--- EXERCISE OBJECTIVE ---
All lines from the one including "CertificateOfCompletion_FME Desktop Data" to the bottom of the entries below should be repeated exactly, both ends kept.

--- AVAILABLE RECORDS ---
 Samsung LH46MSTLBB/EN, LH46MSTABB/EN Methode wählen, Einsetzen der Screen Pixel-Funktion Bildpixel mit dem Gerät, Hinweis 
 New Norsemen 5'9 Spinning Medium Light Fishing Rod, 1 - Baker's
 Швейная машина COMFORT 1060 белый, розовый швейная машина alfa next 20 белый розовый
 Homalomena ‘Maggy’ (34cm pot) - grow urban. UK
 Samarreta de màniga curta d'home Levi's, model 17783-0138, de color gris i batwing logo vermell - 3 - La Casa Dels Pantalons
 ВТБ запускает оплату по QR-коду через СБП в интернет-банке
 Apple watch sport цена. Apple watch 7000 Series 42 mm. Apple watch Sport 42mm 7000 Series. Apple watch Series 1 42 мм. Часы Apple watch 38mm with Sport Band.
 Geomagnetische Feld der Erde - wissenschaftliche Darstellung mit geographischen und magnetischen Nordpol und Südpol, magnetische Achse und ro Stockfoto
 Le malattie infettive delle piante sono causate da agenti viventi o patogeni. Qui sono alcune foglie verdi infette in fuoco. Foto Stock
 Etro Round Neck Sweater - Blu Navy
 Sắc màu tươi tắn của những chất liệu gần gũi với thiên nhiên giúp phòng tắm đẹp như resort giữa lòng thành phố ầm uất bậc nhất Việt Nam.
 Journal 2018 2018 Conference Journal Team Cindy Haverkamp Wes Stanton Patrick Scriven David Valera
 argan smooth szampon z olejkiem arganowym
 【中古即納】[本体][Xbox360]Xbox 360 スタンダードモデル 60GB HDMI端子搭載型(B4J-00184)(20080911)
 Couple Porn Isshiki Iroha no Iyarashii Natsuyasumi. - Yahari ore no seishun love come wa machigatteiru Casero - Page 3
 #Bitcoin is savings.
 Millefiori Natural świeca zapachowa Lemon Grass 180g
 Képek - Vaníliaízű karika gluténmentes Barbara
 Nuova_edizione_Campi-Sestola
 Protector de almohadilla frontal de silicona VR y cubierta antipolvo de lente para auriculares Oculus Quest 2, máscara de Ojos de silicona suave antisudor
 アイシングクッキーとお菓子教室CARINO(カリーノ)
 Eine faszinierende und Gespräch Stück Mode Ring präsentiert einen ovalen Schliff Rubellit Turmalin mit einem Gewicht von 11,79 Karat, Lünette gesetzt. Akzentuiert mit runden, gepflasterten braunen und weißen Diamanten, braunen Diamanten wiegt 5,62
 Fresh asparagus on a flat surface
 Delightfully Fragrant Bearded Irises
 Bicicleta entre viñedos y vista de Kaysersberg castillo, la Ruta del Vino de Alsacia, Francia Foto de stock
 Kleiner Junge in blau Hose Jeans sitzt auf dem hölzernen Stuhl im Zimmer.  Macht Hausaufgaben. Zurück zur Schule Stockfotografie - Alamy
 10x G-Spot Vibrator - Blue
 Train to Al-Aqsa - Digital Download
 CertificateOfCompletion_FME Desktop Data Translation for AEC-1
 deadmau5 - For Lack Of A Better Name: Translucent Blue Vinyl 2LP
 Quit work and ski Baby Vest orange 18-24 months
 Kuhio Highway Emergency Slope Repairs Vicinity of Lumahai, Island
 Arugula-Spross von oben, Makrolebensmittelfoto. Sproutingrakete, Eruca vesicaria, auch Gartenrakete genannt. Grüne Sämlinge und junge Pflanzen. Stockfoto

--- RESPONSE TO THE EXERCISE ---
 CertificateOfCompletion_FME Desktop Data Translation for AEC-1
 deadmau5 - For Lack Of A Better Name: Translucent Blue Vinyl 2LP
 Quit work and ski Baby Vest orange 18-24 months
 Kuhio Highway Emergency Slope Repairs Vicinity of Lumahai, Island
 Arugula-Spross von oben, Makrolebensmittelfoto. Sproutingrakete, Eruca vesicaria, auch Gartenrakete genannt. Grüne Sämlinge und junge Pflanzen. Stockfoto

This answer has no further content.